(a) To solve \(\int_1^a \frac{\ln x}{\sqrt{x}} \, dx = 6\), we start by integrating:

\(\int \frac{\ln x}{\sqrt{x}} \, dx = 2\sqrt{x} \ln x - 4\sqrt{x} + C\).

Substitute the limits and equate to 6:

\(\left[ 2\sqrt{a} \ln a - 4\sqrt{a} \right] - \left[ 2\cdot1\ln 1 - 4\cdot1 \right] = 6\).

Simplify to get:

\(2\sqrt{a} \ln a - 4\sqrt{a} + 4 = 6\).

Rearrange to find \(a = \exp \left( \frac{1}{\sqrt{a}} + 2 \right)\).
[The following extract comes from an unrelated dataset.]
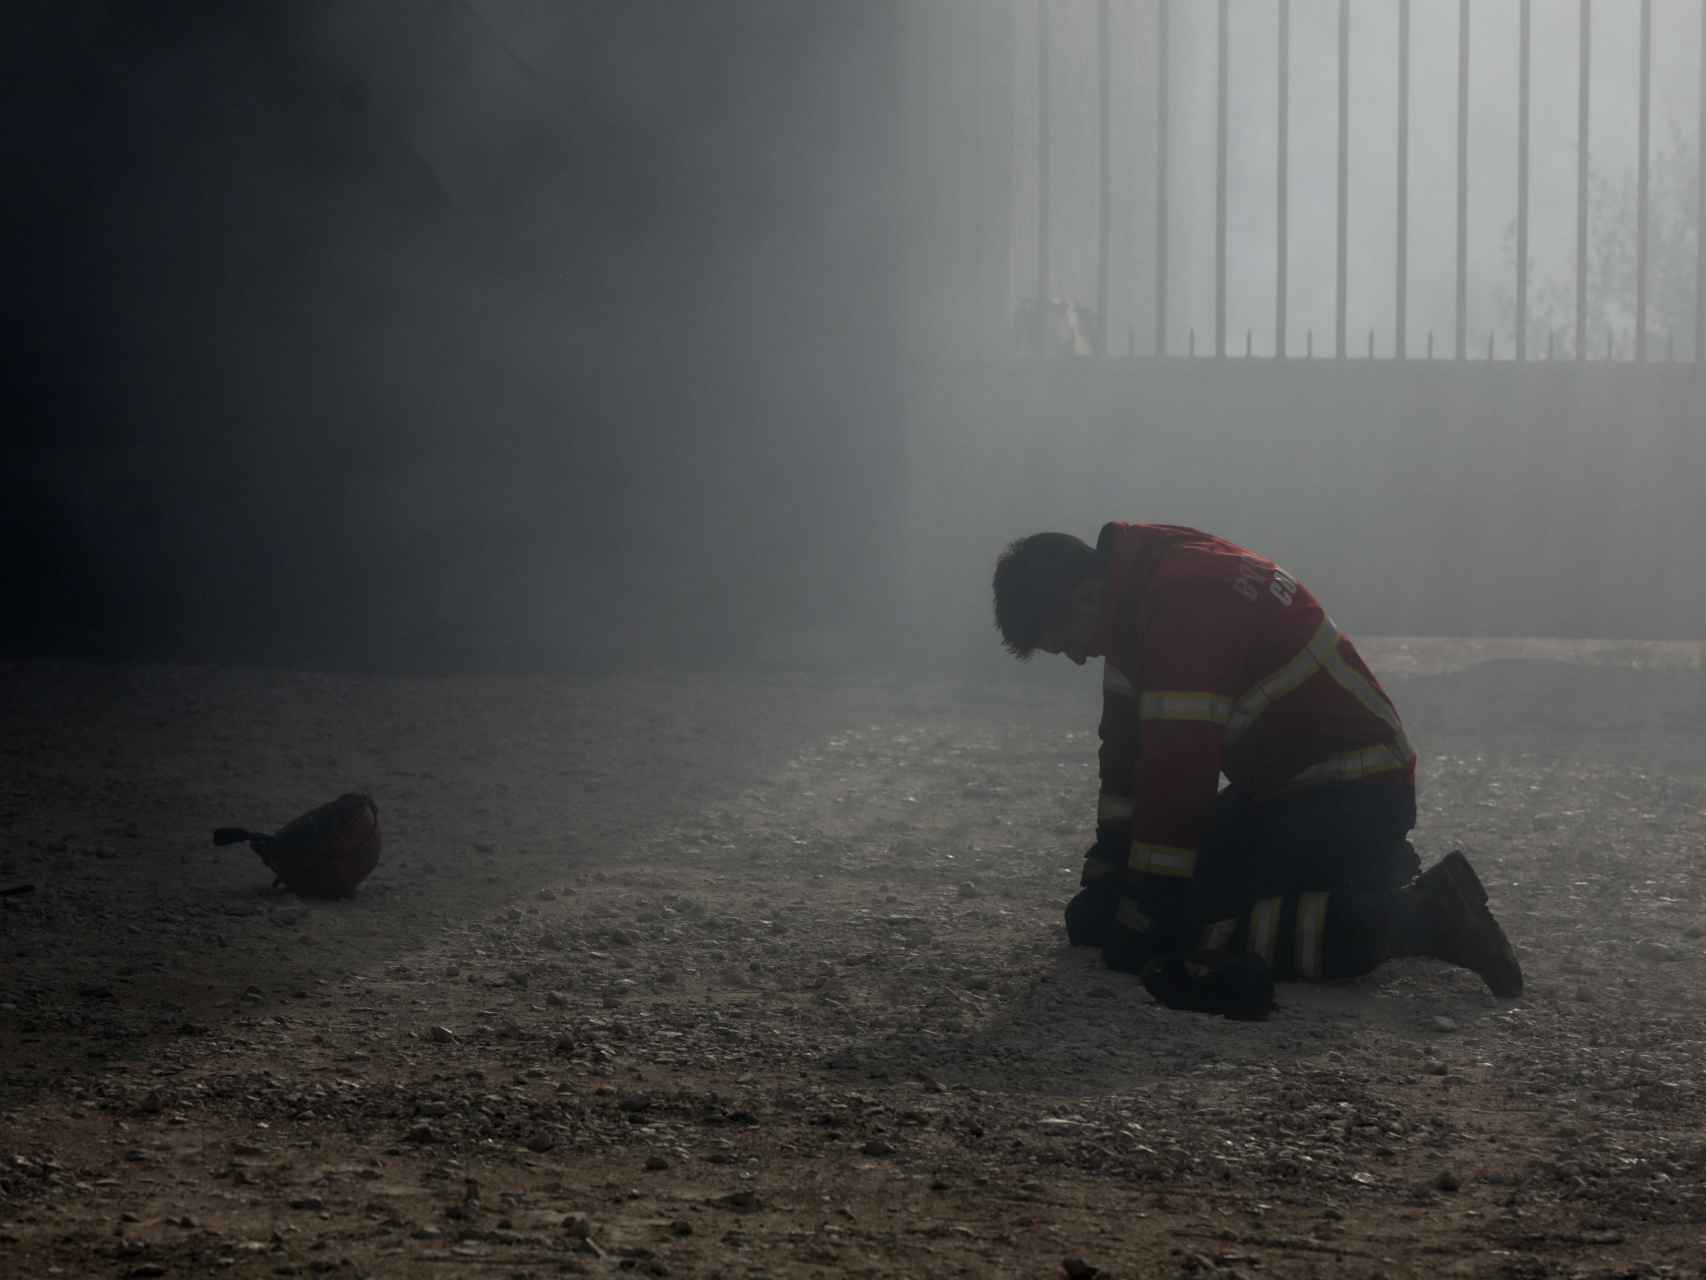 Un bombero arrodillado tras el combate al incendio en Portugal.

(b) Calculate \(a\) for \(a = 9\) and \(a = 11\):

For \(a = 9\), \(9 < 10.31\).

For \(a = 11\), \(11 > 9.99\).

Thus, \(a\) lies between 9 and 11.

(c) Use the iterative process \(a_{n+1} = \exp \left( \frac{1}{\sqrt{a_n}} + 2 \right)\):

Start with an initial guess, say \(a_1 = 10\).

Calculate successive iterations:

\(a_2 = \exp \left( \frac{1}{\sqrt{10}} + 2 \right) \approx 10.1374\)

\(a_3 = \exp \left( \frac{1}{\sqrt{10.1374}} + 2 \right) \approx 10.1156\)

\(a_4 = \exp \left( \frac{1}{\sqrt{10.1156}} + 2 \right) \approx 10.1190\)

Continue until convergence to 2 decimal places: \(a \approx 10.12\).